## Background

Interpretative variability can adversely affect echocardiographic reliability, but there is no widely accepted method to minimize variability and improve reproducibility.

## Methods

A continuous quality improvement process was devised that involves testing reproducibility by assessment of measurement differences followed by robust review, retraining, and retesting. Reproducibility was deemed acceptable if ≥80% of all interreader comparisons were within a prespecified acceptable difference. Readers not meeting this standard underwent retraining and retesting until acceptable reproducibility was achieved for the following parameters: left ventricular end-diastolic volume, biplane ejection fraction, mitral and aortic regurgitation, left ventricular outflow tract diameter, peak and mean aortic valve gradients, and aortic valve area. Eight hundred interreader comparisons for evaluation of reproducibility were generated from five readers interpreting 10 echocardiograms per testing cycle. The applicability and efficacy of this method were then evaluated by testing a second larger group of 10 readers and reevaluating reproducibility 1 year later.

## Results

All readers demonstrated acceptable reproducibility for biplane ejection fraction, mitral regurgitation, and peak and mean aortic valve gradients. Acceptable reproducibility for left ventricular end-diastolic volume, aortic regurgitation, and aortic valve area was achieved by four of five readers. No readers attained acceptable reproducibility on initial evaluation of left ventricular outflow tract diameter. After review and retraining, all readers demonstrated acceptable reproducibility, which was maintained on subsequent testing 1 year later. A second larger group of 10 readers was also evaluated and yielded similar results.

## Conclusions

A continuous quality improvement process was devised that successfully reduced interpretative variability in echocardiography and improved reproducibility that was sustained over time.
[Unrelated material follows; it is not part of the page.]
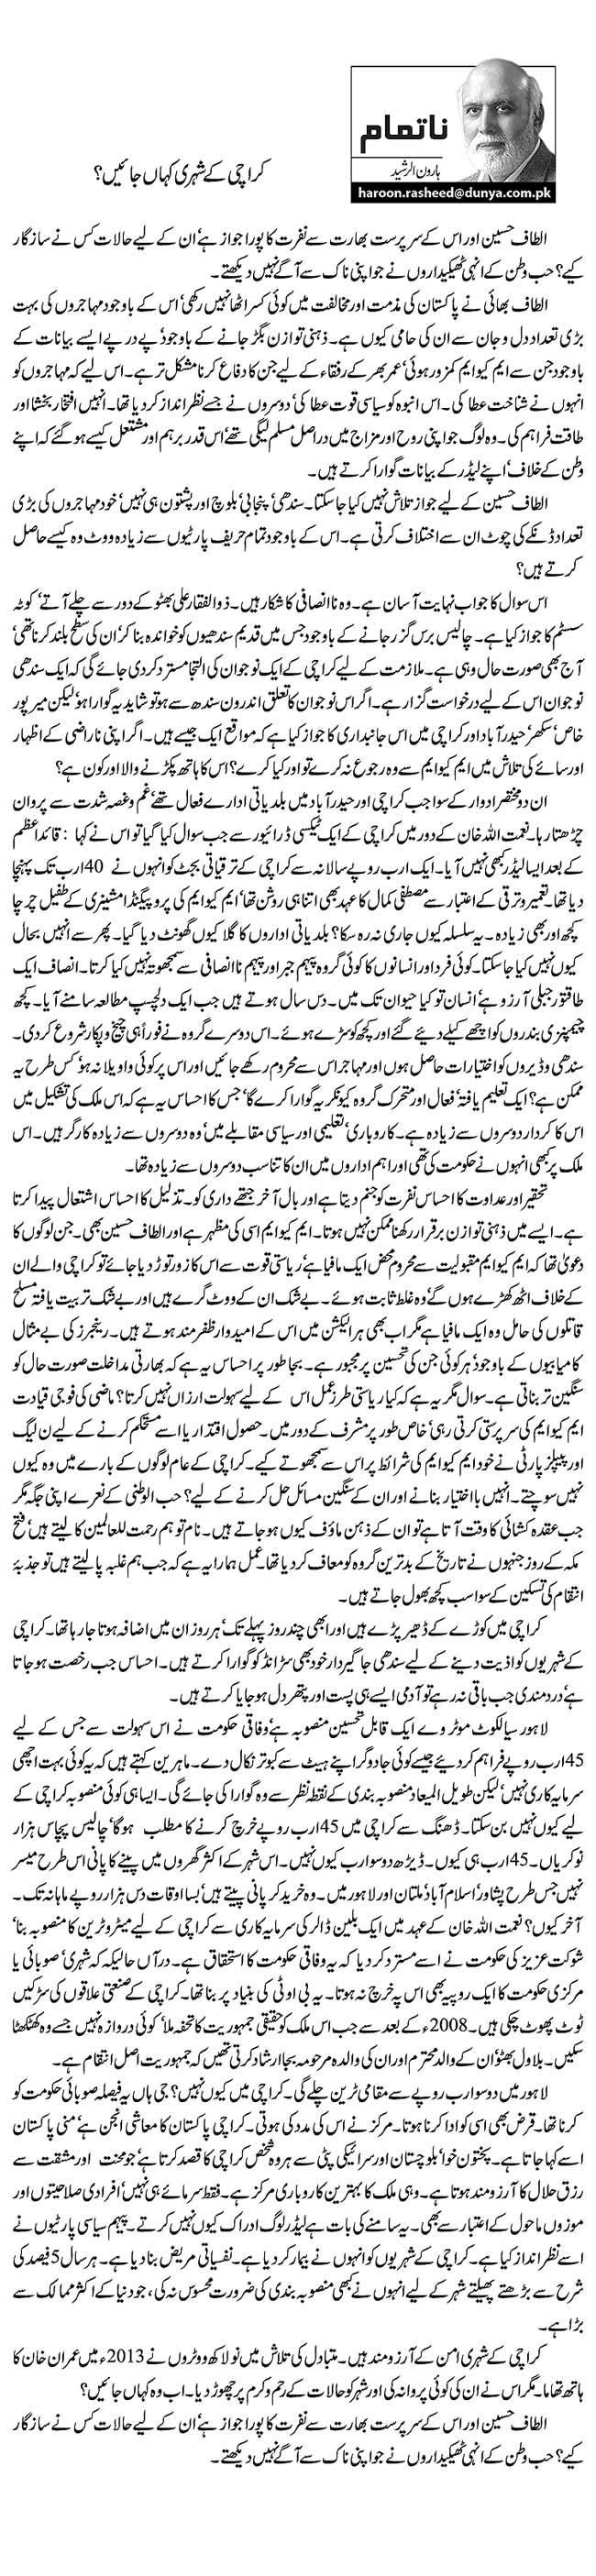 کراچی کے شہری کہاں جائیں؟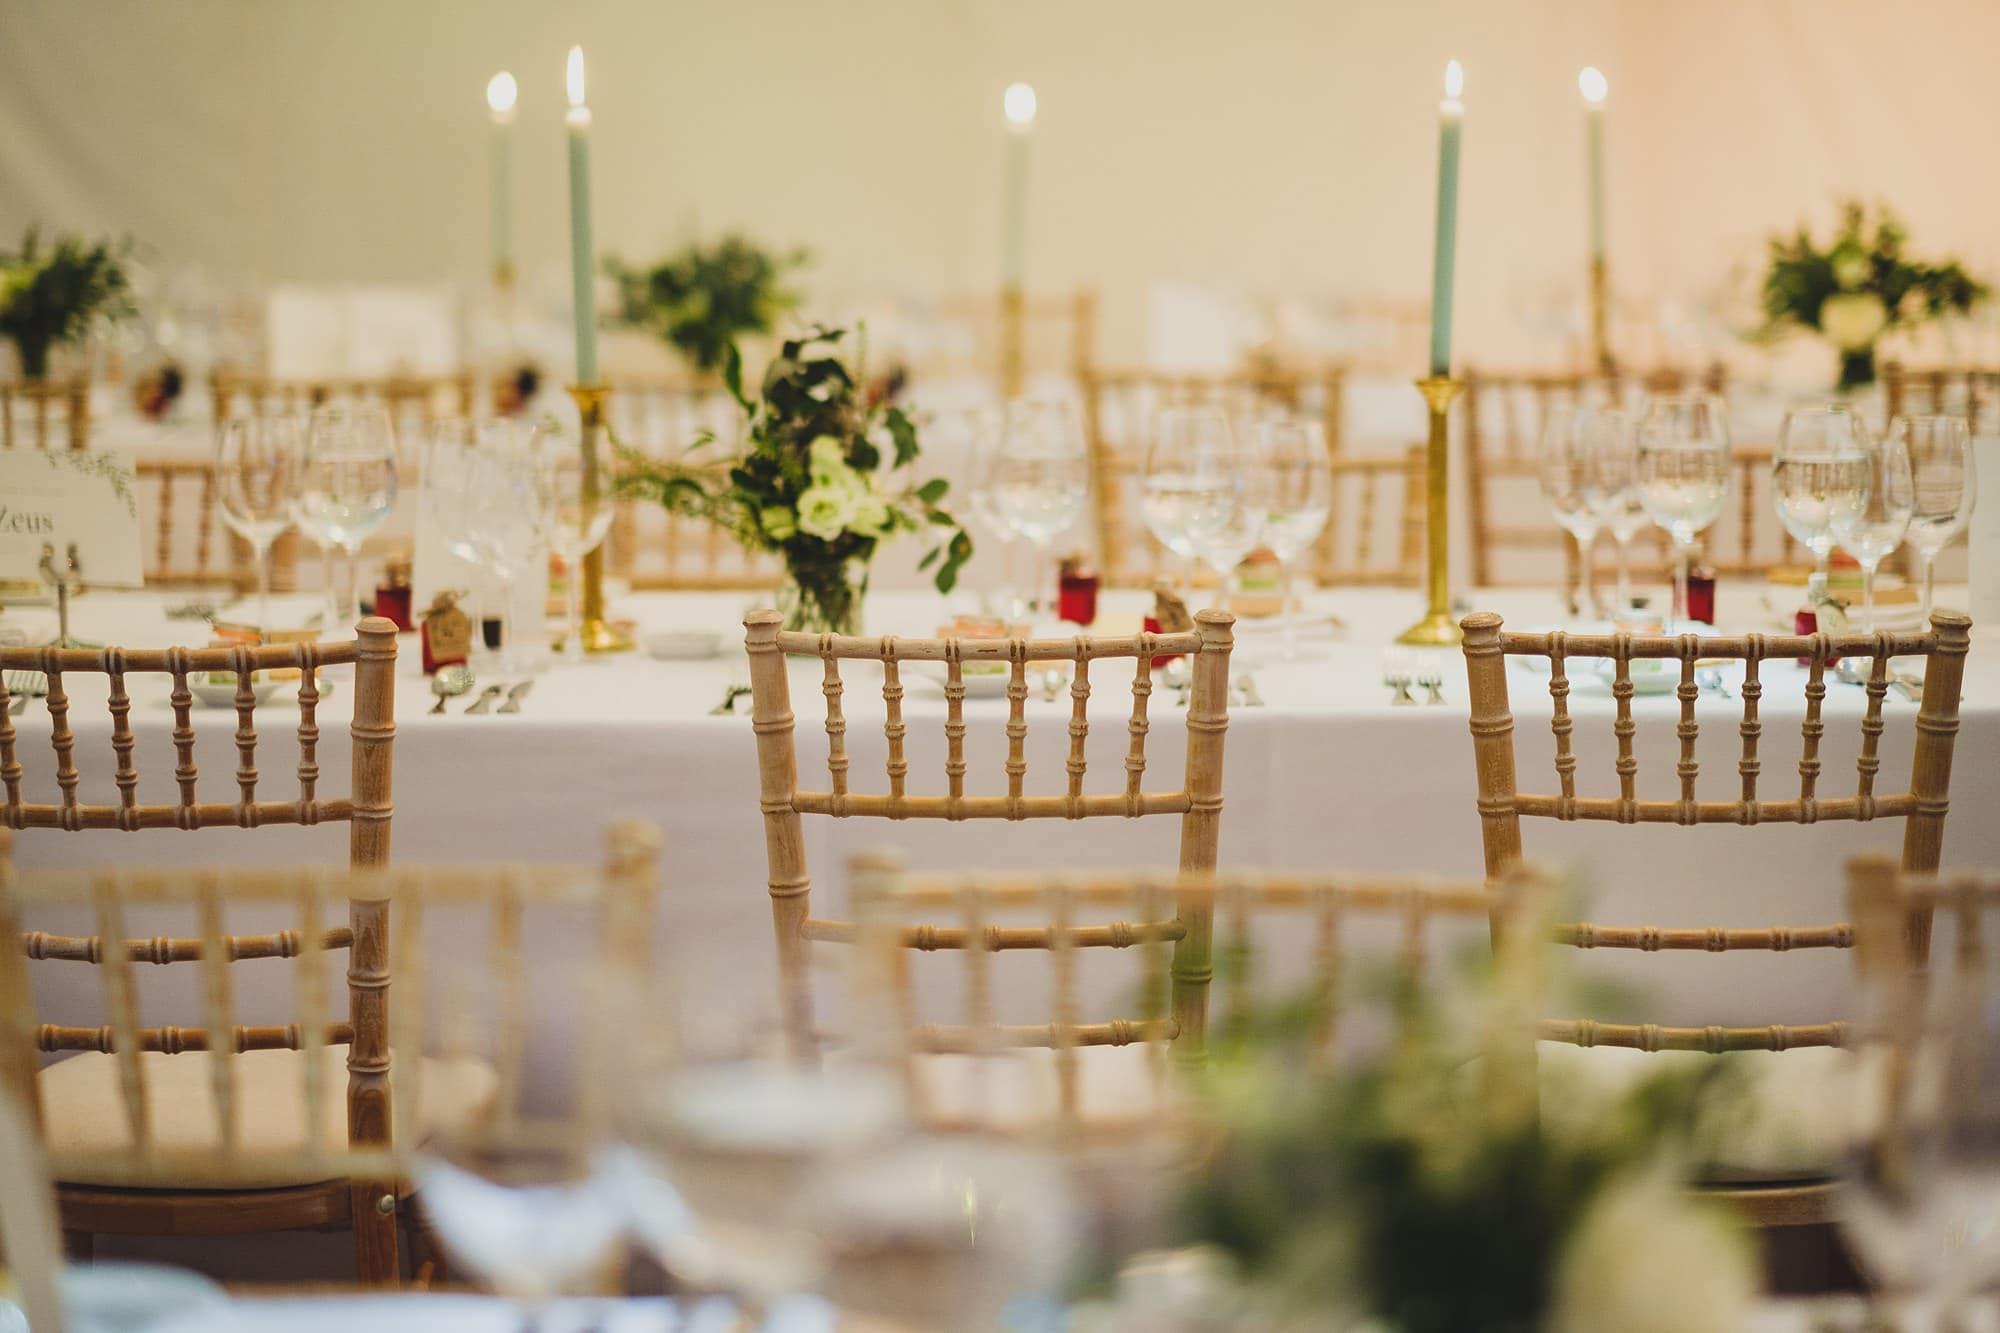 fulham palace wedding photographer ok 070 - Olivia + Kyle

Echocardiography provides essential structural and functional information about cardiac pathophysiology that guides clinical management. However, technical and interpretative variability can limit the reliability of echocardiographic results. The American Society of Echocardiography delineates several echocardiographic parameters that should be assessed on quality reviews, including an annual evaluation of interobserver and intraobserver reproducibility for left ventricular (LV) ejection fraction (EF) and valve regurgitation. However, discrete standards that define acceptable reproducibility for individual echocardiographic parameters are lacking. The Intersocietal Accreditation Commission accreditation process also requires routine evaluation of echocardiographic variability and mandates the adoption of a quality improvement (QI) program, but there is no widely accepted approach that can be easily implemented to accomplish these goals.

Many potentially lifesaving clinical decisions are directly influenced by the echocardiographic assessment of cardiac function, including the timing of valve replacement, chemotherapy regimens, and the insertion of implantable cardioverter-defibrillators for the primary prevention of sudden cardiac death. Additionally, there is increasing competition for quantitative assessments from alternative noninvasive modalities and a national imperative to minimize duplicative testing. Thus, it is crucial that echocardiography yield reliable and reproducible quantitative and qualitative results.

We hypothesized that interpretative variability in echocardiographic laboratories could be improved by integrating the statistical assessment of reproducibility into a feasible, operational framework applied across a spectrum of disease severities encountered in clinical practice. In this study, we devised and prospectively tested a method for continuous QI implementation to standardize the assessment of interpretative variability and improve echocardiographic reproducibility.

## Methods

We aimed to quantify interpretative variability and improve interreader reproducibility through a cyclical process of testing, review, and retraining ( Figure 1 ). This study was approved by the Institutional Review Board at Duke University Medical Center. All readers gave their consent for participation.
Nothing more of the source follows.